In the three-minute talks, the two leaders agreed to cooperate on bills related to people’s livelihoods. After President Yoon promised to help Lee play his role as party head, Lee expressed hope for Yoon’s successful presidency. That represents their first step toward cooperation on state affairs.

But actions speak louder than words. Yoon and Lee must meet without adhering to formalities. After Lee proposed a two-way meeting with the president, Yoon responded by promising a meeting between leaders of the two parties as soon as the PPP resolves an internal discord originating with the suspension of former chairman Lee Jun-seok over alleged sexual misconduct. Given the alarming inflation, high interest rates and rapid devaluation of the Korean won on top of worsening external conditions, the two leaders cannot afford to stick with formalities. They must candidly exchange views about a plethora of challenges the country faces. Of course, the sooner the better.

In the last presidential election, Yoon defeated Lee by a razor-thin margin of 0.73 percentage points. If their meeting is held, they cannot champion their rosy campaign promises anymore, not to mention adroitly seeking benefits from the other’s flops.

Ironically, Yoon, a former prosecutor general, and Lee, a former Gyeonggi governor, have no legislative experience in the National Assembly, although Lee was elected legislator in a by-election held on the sidelines of the local elections. If the two political “outsiders” can help change the combative political culture, it could set the foundation for entirely different politics from the past.

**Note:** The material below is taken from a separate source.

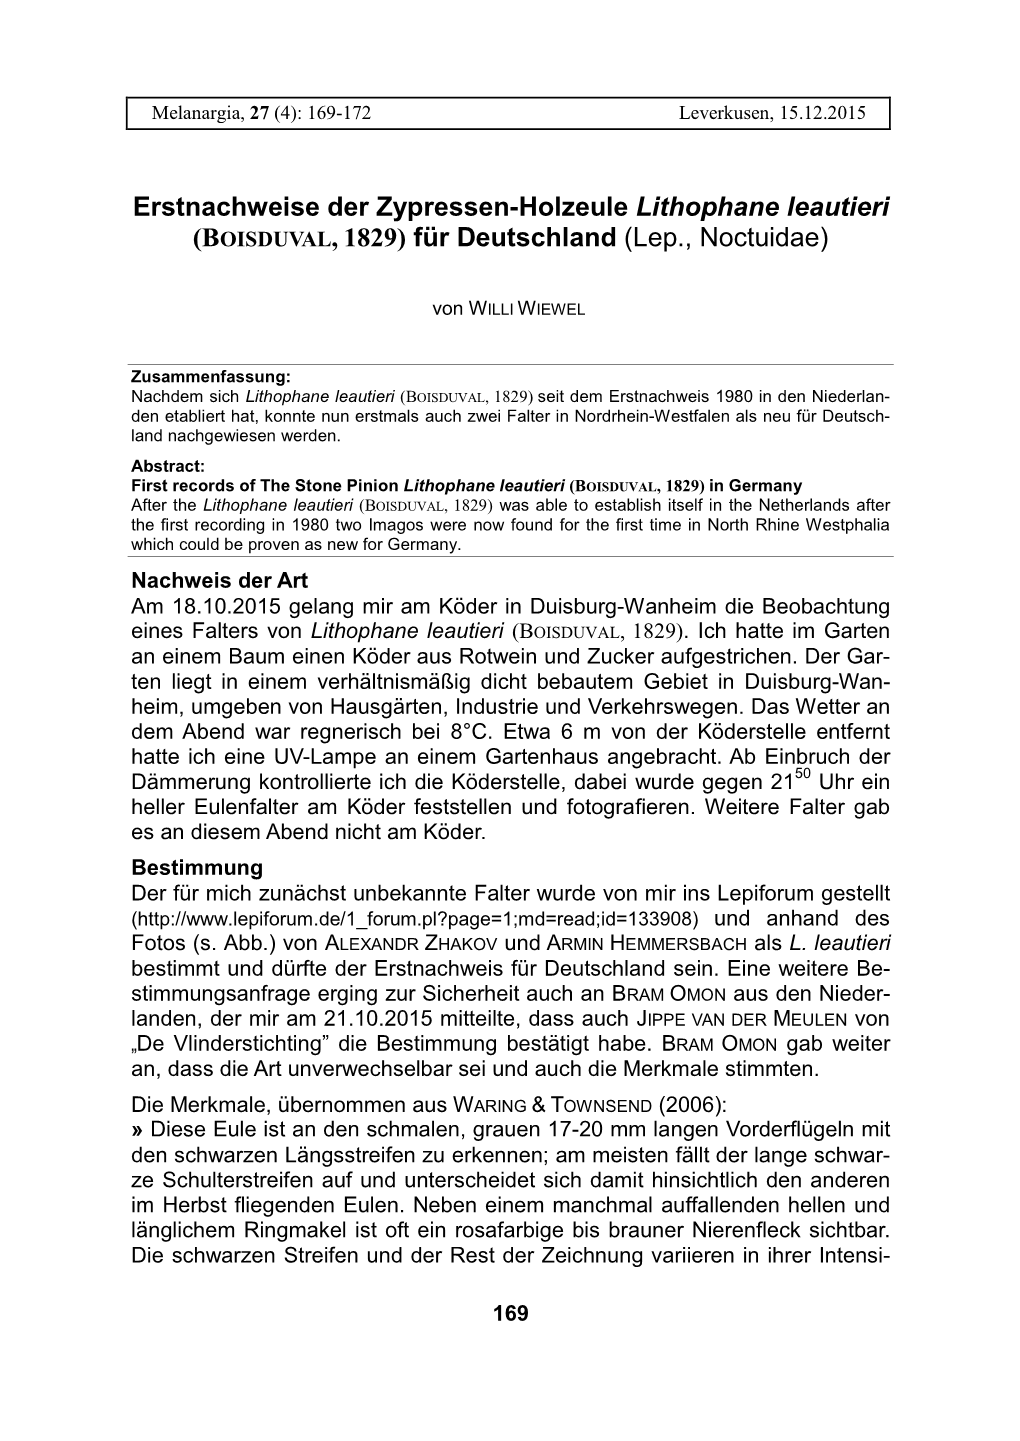 Erstnachweise Der Zypressen-Holzeule Lithophane Leautieri (BOISDUVAL, 1829) Für Deutschland (Lep., Noctuidae)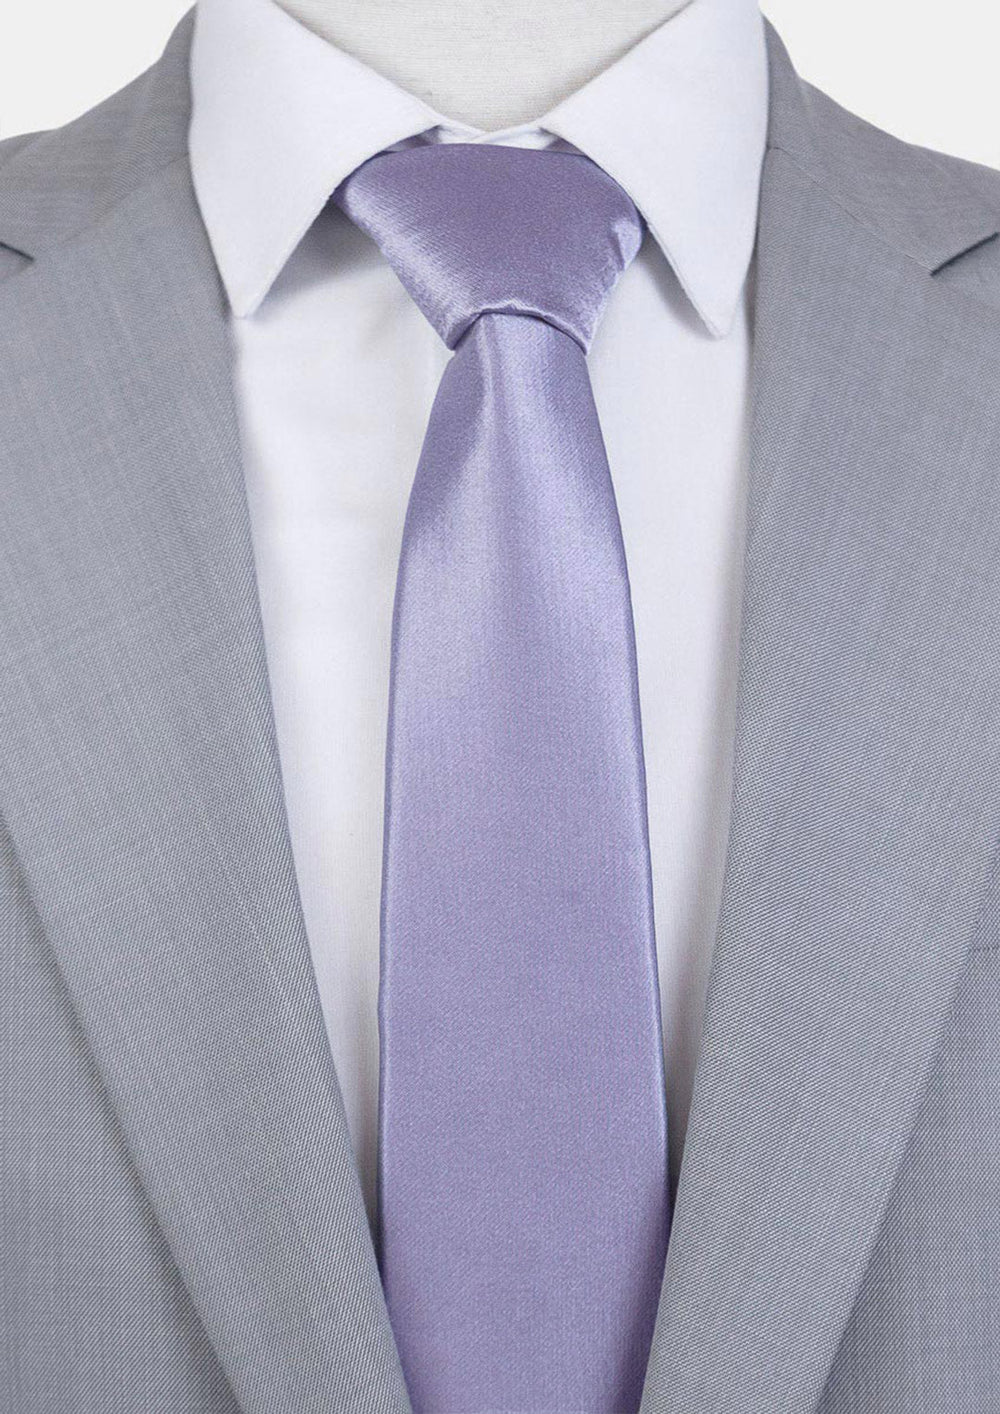 Thistle Purple Tie - SARTORO

If their meeting is to bear fruit, each side must squarely look at harsh reality. Yoon must understand his administration cannot do anything without support from the DP, while Lee must keep in mind that his political future can be gloomy if he is only bent on opposing government policies. Unfortunately, the DP takes a lukewarm position about helping people’s livelihoods, as seen in its opposition to tax benefits for single homeowners after framing it as a tax cut for the rich. We hope a meeting between Yoon and Lee paves the way for cooperation.